Tri-level and split-level homes
Tri-level and split-level homes are common in 1970s–1990s Colorado Springs neighborhoods (Stetson Hills, Briargate, Mountain Shadows). They have multiple foundation zones — typically a basement under part of the home and a crawlspace or partial slab under another part.
Characteristics:
- Multi-zone foundation. Soil gas enters through multiple foundation pressure points.
- Diagnostic testing matters. A single suction point may not depressurize all foundation zones. Quality contractors run a Pressure Field Extension (PFE) test before quoting.
- Mitigation. Multi-zone systems with 2+ suction points and possibly 2 fans. Cost: $2,200–$4,800 in Colorado Springs. Multi-zone cost details →
- Watch for partial crawlspace under additions. Some tri-level homes have a small crawlspace under the kitchen or laundry that's easy to overlook. A contractor should walk the entire foundation before quoting.
Finished basement (or finished lower level)
A finished basement isn't a separate foundation type — it's a usage category.
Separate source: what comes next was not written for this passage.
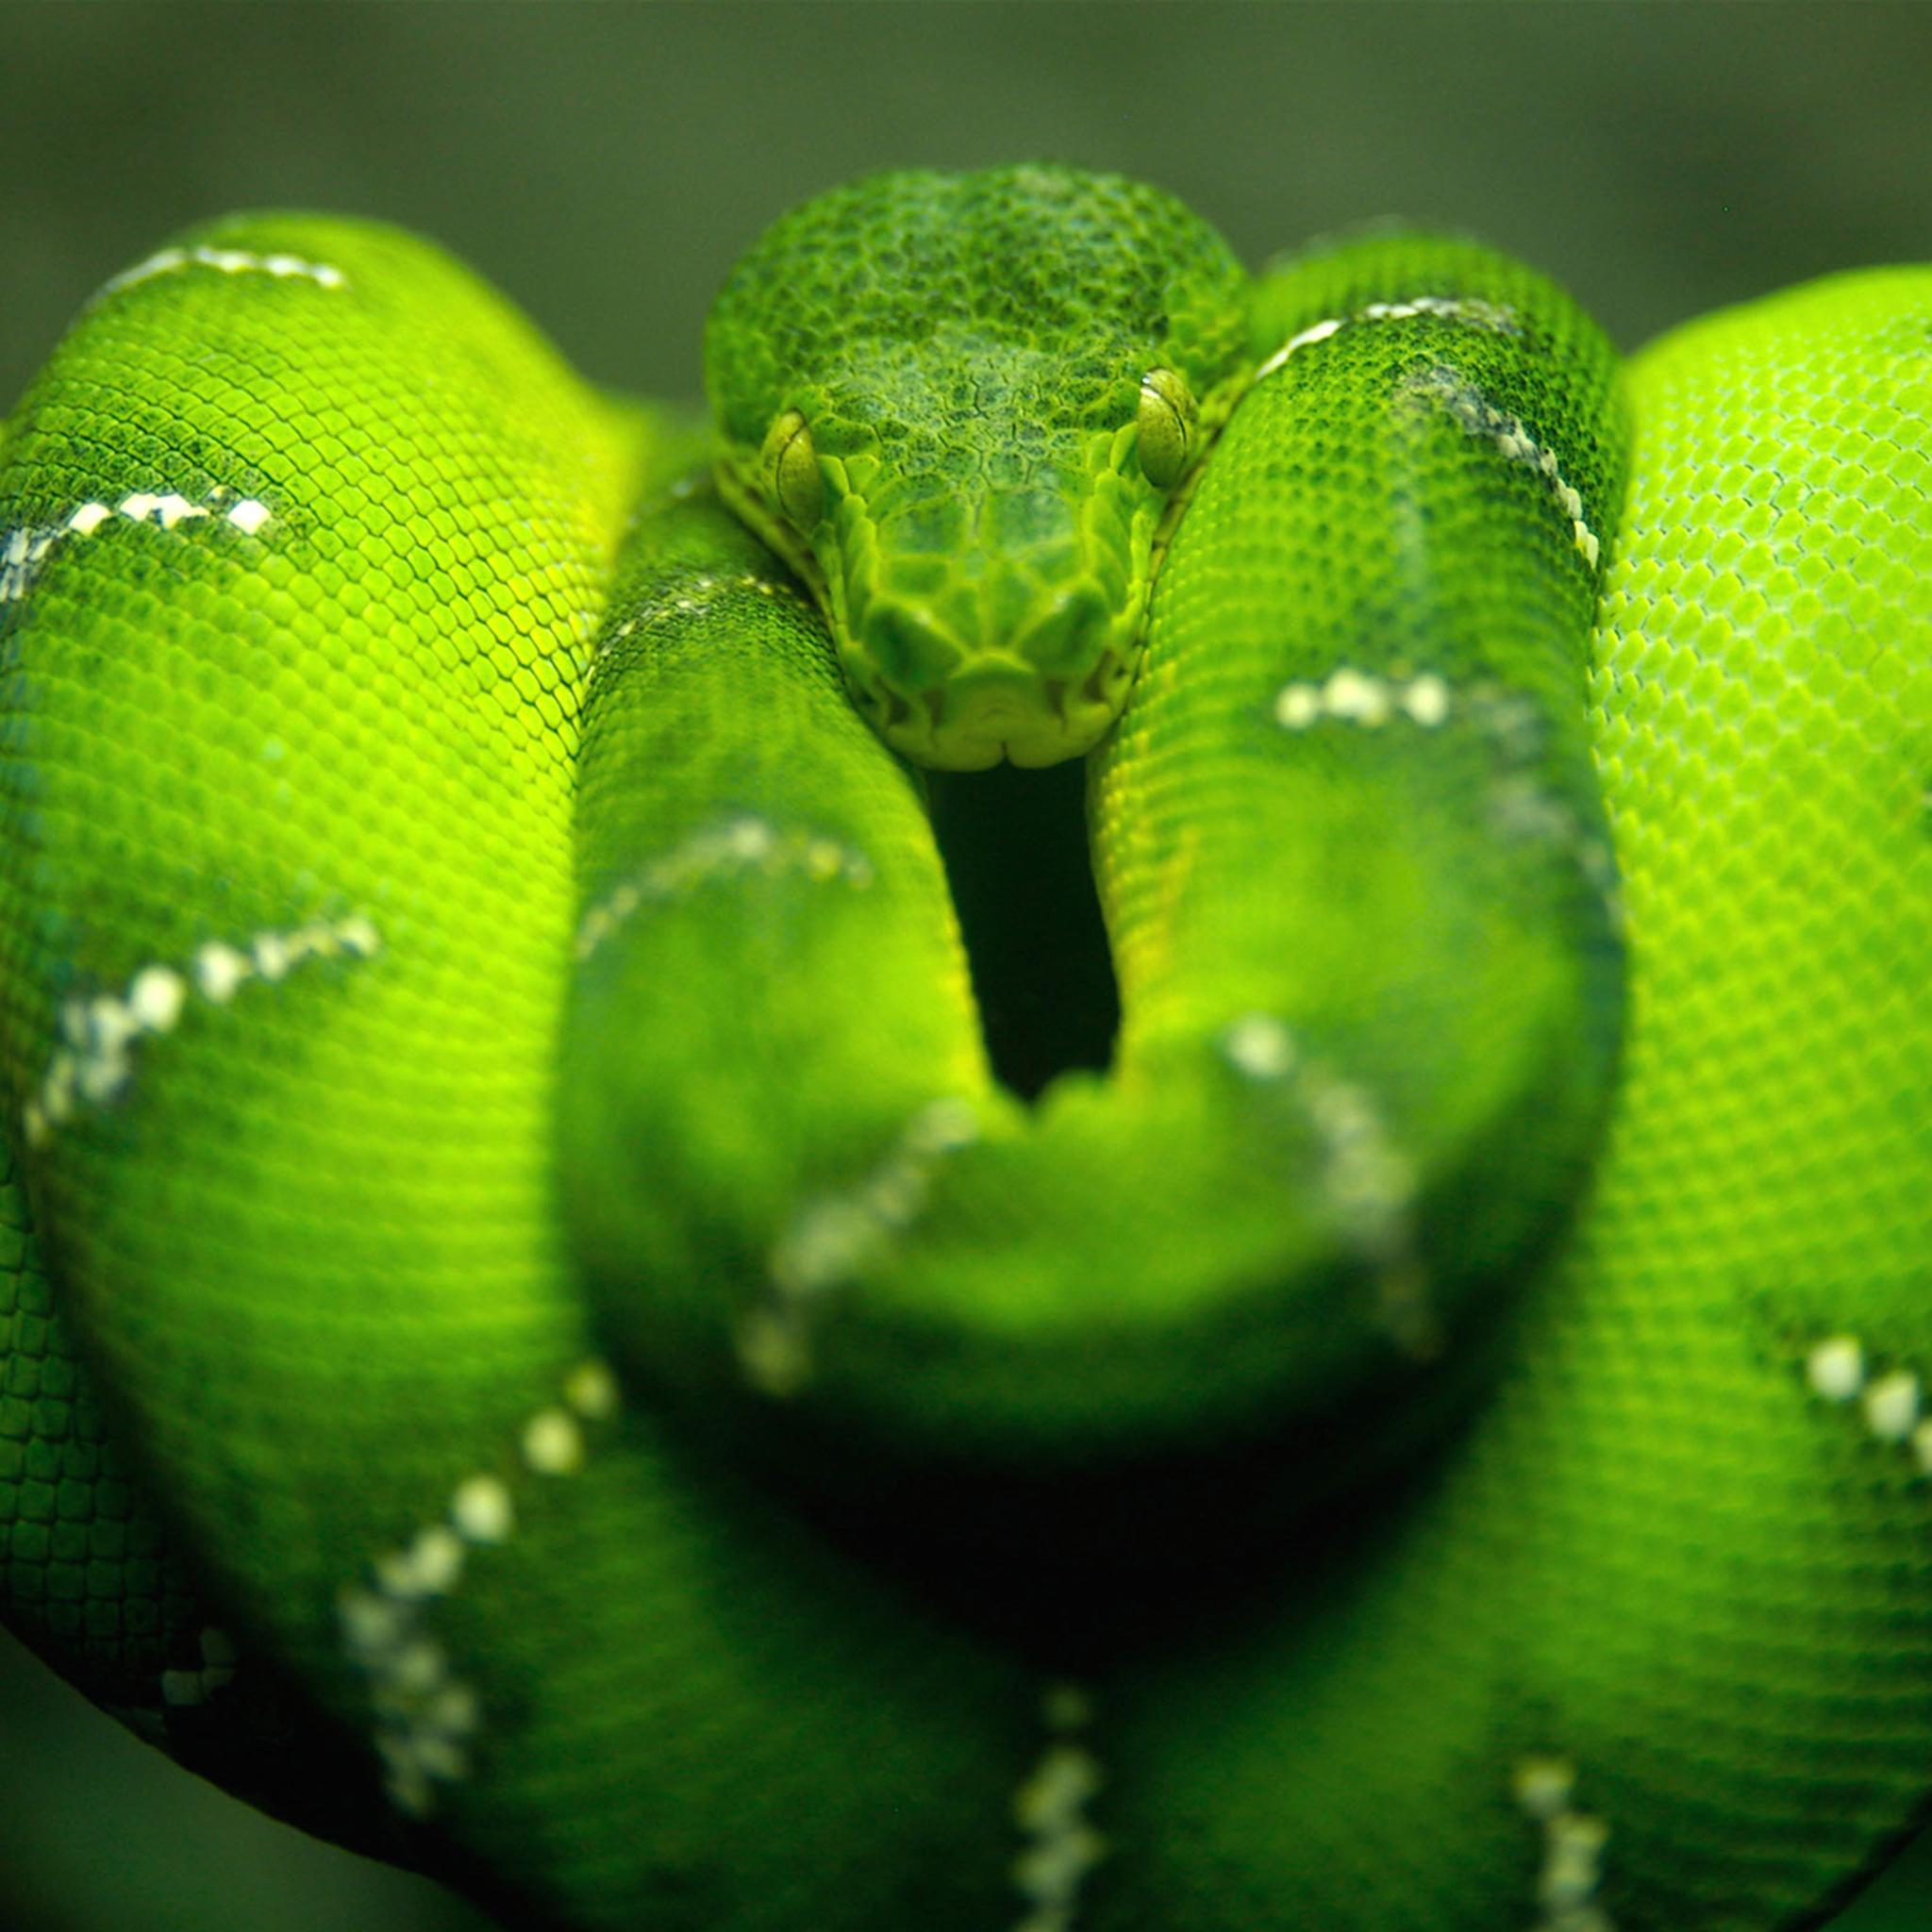 Green-Snake-3Wallpapers-iPad-Retina

From a radon perspective, the finishing matters because:
- You spend more time in finished space. A finished basement that's used as a TV room, bedroom, or home office means daily exposure to whatever radon level the basement has.
- The slab and walls are the same as an unfinished basement. Radon enters the same way; you just don't see the slab cracks anymore.
- Mitigation needs interior routing. The pipe has to navigate finished walls, drop ceilings, and utility space. Cost adds $300–$900 vs an unfinished basement install.
- If a finished basement is being added later, test before and after — the new living patterns change your exposure calculation.
Mixed foundations (basement + crawlspace)
Some Colorado homes — particularly older homes with additions or homes built on irregular lots — have a basement under part of the footprint and a crawlspace under another part. These behave like multi-zone homes:
- The basement portion needs sub-slab depressurization.
- The crawlspace portion needs sub-membrane depressurization (with a vapor barrier).
- The two systems can sometimes share a single fan and pipe, or may need to be installed separately.
- A contractor should look at both zones before quoting. Treating a mixed-foundation home like a basement-only home will under-mitigate the crawlspace half.